Obama was also critical about Netanyahu's comments that characterized Arab Israelis as going to the polls "in droves."

"We indicated that that kind of rhetoric was contrary to what is the best of Israel's traditions. That although Israel was founded based on the historic Jewish homeland and the need to have a Jewish homeland, Israeli democracy has been premised on everybody in the country being treated equally and fairly," the president said.

In his interview on Sunday, McCain suggested that Obama's priorities are "so screwed up that it's unbelievable."

The Arizona senator argued that Israel is the only nation in the Middle East "where there was a free and fair democratic election," and told Obama that "the least of your problems is what Bibi Netanyahu said during an election campaign."

McCain added that a U.N. resolution for a Palestinian state should be off the table.

"Of course he shouldn't be considering it. And, second of all, if he does that, then — and it would be approved by the U.N., then the United States Congress would have to examine our funding for the United Nations," McCain said.

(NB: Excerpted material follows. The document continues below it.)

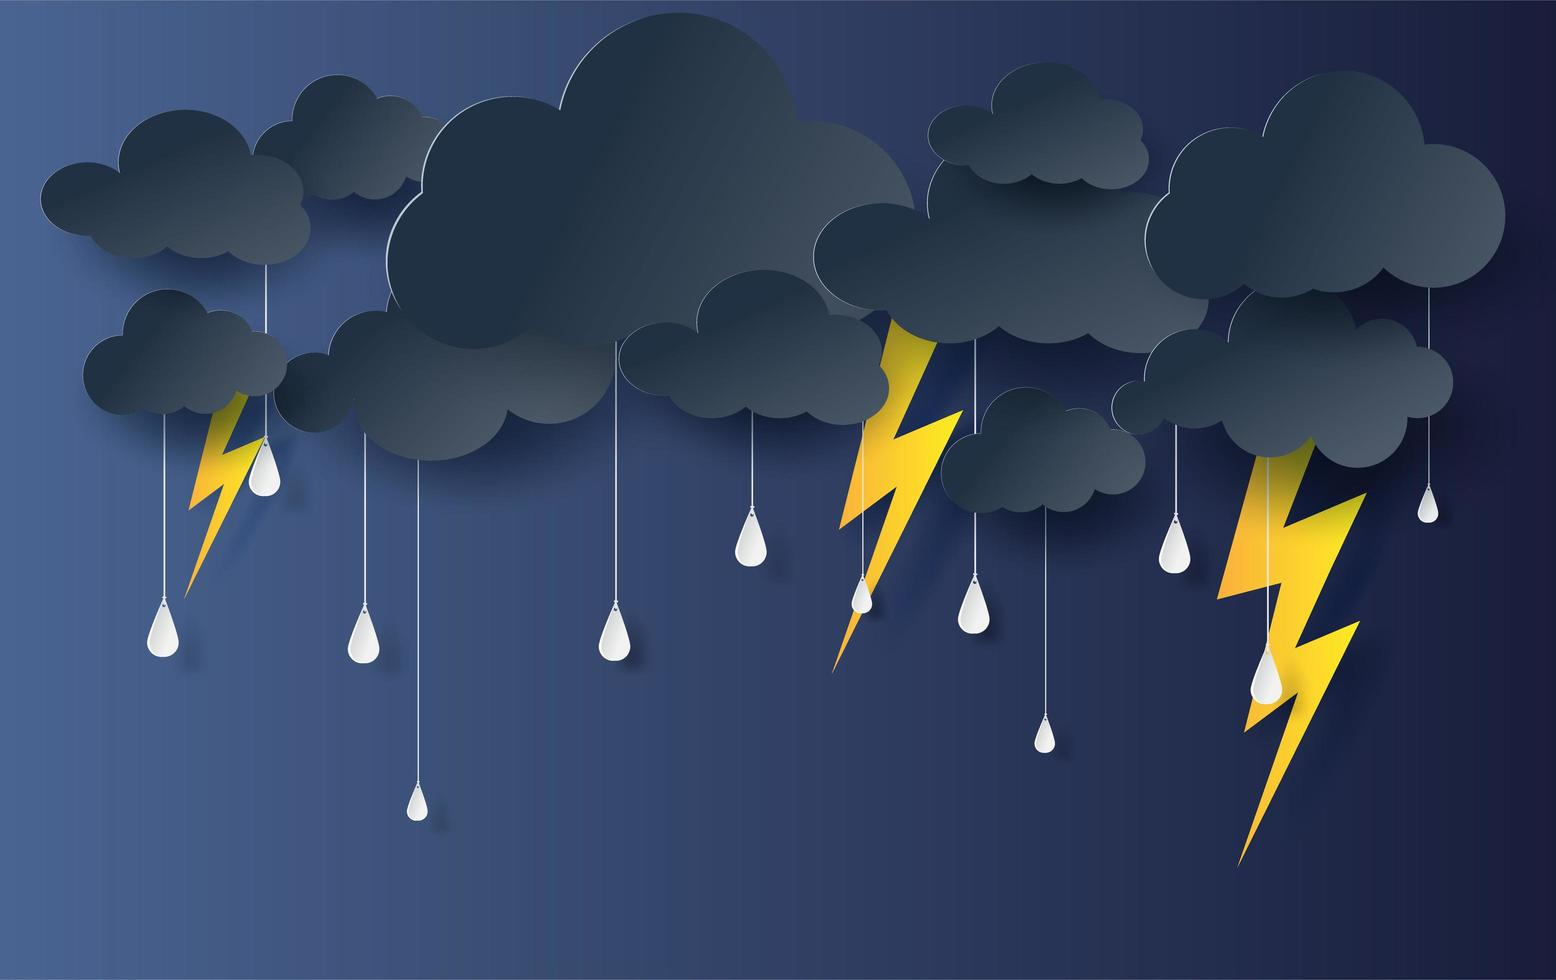 Papierkunst und Handwerksartwolken und Regenfahnenhintergrund vektor

"It would be a violation because of the president's anger over a statement by Bibi, by the prime minister of Israel. It would contradict American policy for the last at least 10 presidents of the United States."

Netanyahu's re-election with his ruling Likud Party allows him to become Israel's longest-serving prime minister. Likud is expected to receive 30 seats in the 120-seat parliament, while the rival party Zionist Union will settle for 24 seats.

"The citizens of Israel rightfully expect that we will act quickly and responsibly to establish a leadership that will work for them in areas of defense, the economy and society just as we promised in this campaign — and just like we will now set ourselves toward doing," Netanyahu said after his victory.